Food adulteration was common in the 19th century. Flour was often mixed with chalk, plaster of Paris, sawdust, bone meal, or lime. Snails were tossed into watered-down milk in order to thicken it with their mucus and to add an attractive froth.

Source: Terrors of the table by Walter Gratzer

BeetleJuice

My loyal readers will know how much I love ebay. I’ve made some fantastic purchases there. Here’s the most recent: a Chinese blister beetle. Isn’t it beautiful? Five bucks including shipping. I don’t know the exact species (there are over 1500 of them), but it’s one of the beetles in the order Coleoptera, and it produces a vesicant (blistering agent) called cantharidin. Certain coleopterans are also known as Spanish fly–even though they’re neither a fly nor particularly Spanish–which is thought to be an aphrodisiac. Like so many blister beetles, mine is lovely to look at; can you see its iridescent underside?

Male beetles secrete the blistery substance at the joints between their leg segments to deter predators.

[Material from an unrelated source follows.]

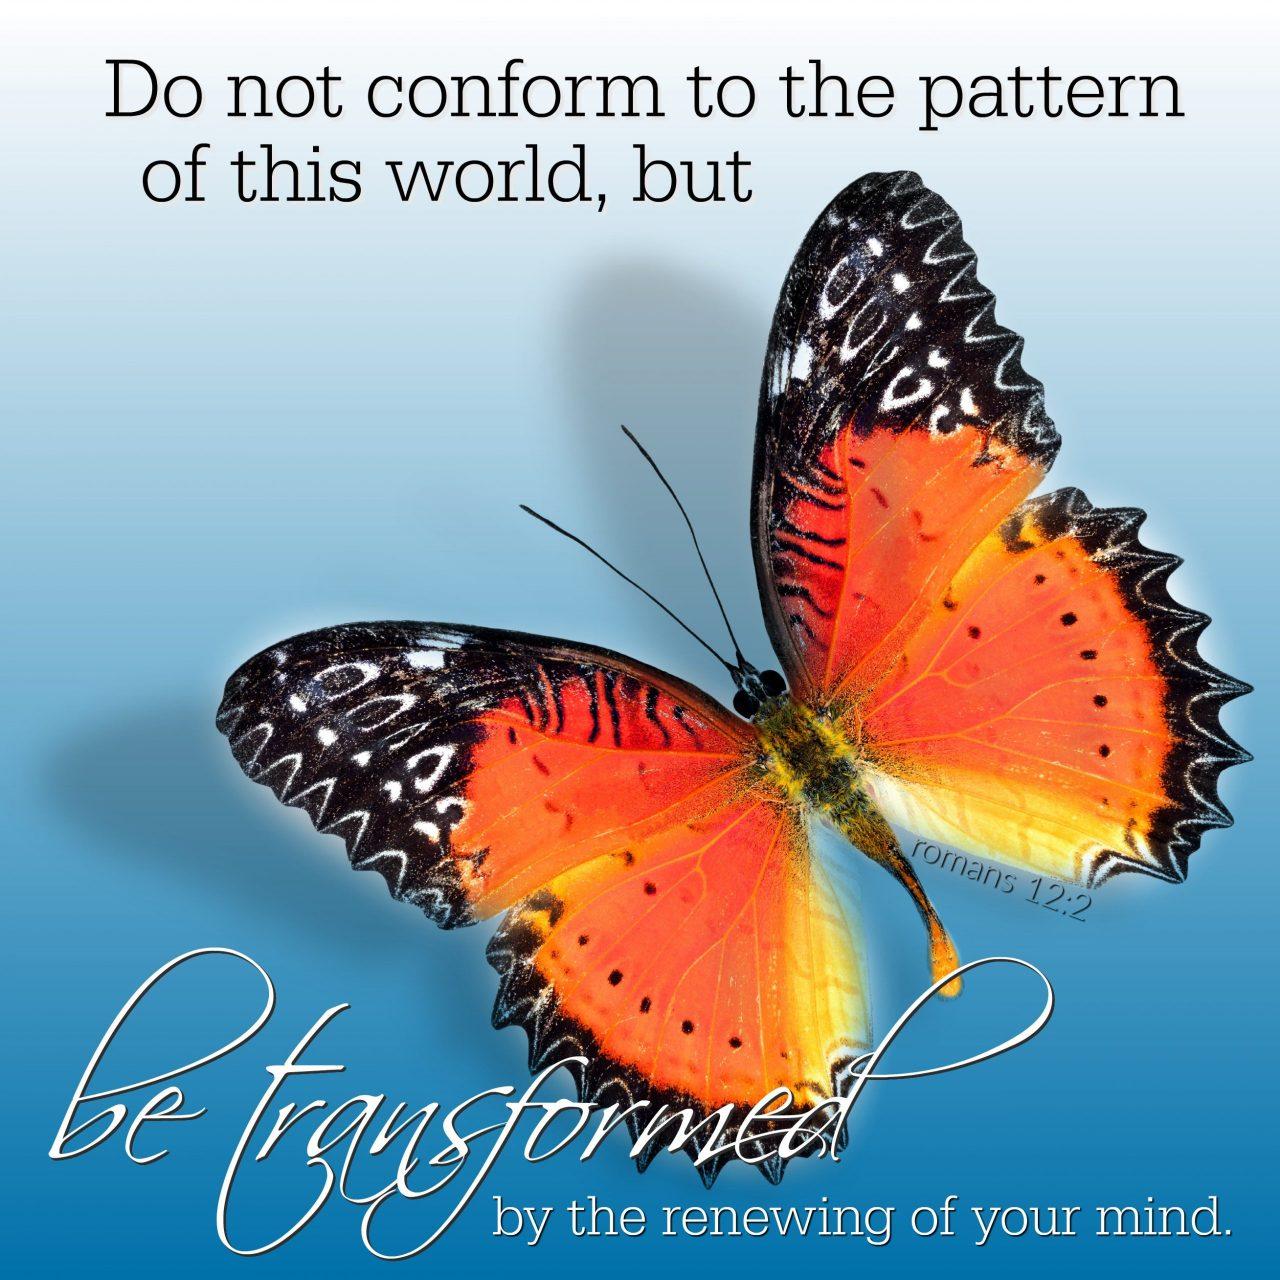 Romans 12:2 | KCIS 630

According to May Berenbaum’s Bugs in the System, males transfer the cantharidin to females when mating, so it actually may act as an aphrodisiac at the insect level.

Cantharidins derived from various species of blister beetle have long been used as medicine, often as topical irritants. When you read about doctors from days of yore using a “blister poultice” on their patients, you can be pretty sure these poultices were made from ground up blister beetles.

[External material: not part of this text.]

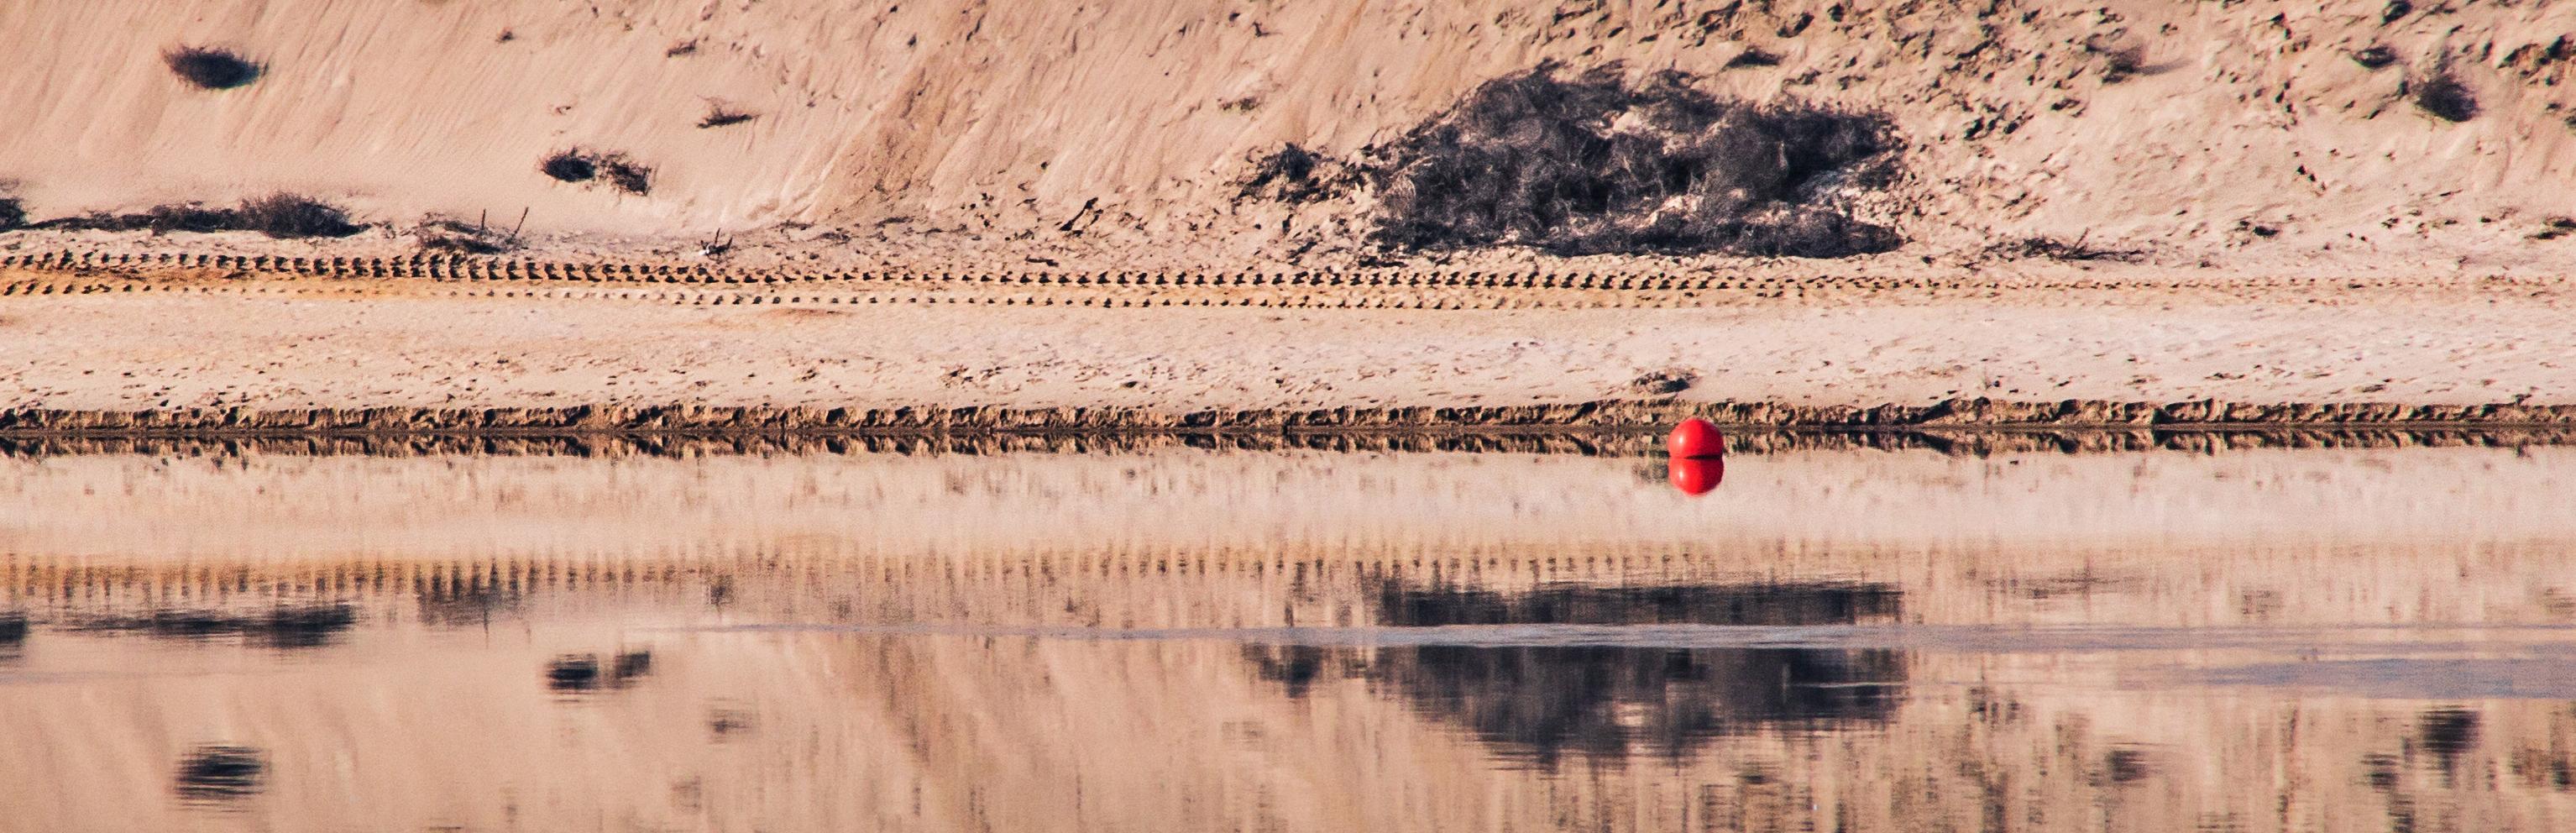 Sand, Wasser und Kugel

The ancient Greeks used blister beetles medicinally, as did the Chinese, for ailments that included tuberculosis, rabies, cancer, dropsy, lice, earaches, leprosy, and ulcers. But as I mentioned, the most famous use of Spanish fly has been as an aphrodisiac, most notoriously by the Marquis de Sade, who poisoned several women (see my prior blog).

Cantharidin is extremely toxic, even at low dosages. Poor George Washington, who was suffering from a sore throat and respiratory infection, was forced by his well-meaning but misguided physicians to ingest a poisonous compound of mercury. They also bled out more than five pints (almost half) of his blood. In addition, blister poultices were slathered on his body, so cantharidin poison no doubt hastened his death.

But actually, the use of cantharidin isn’t all quackery. According to this article from the American Medical Association, the FDA will soon be including it on its “Bulk Substances List,” which will allow physicians to administer a cantharidin compound to patients in their offices, for warts and other viral skin infections.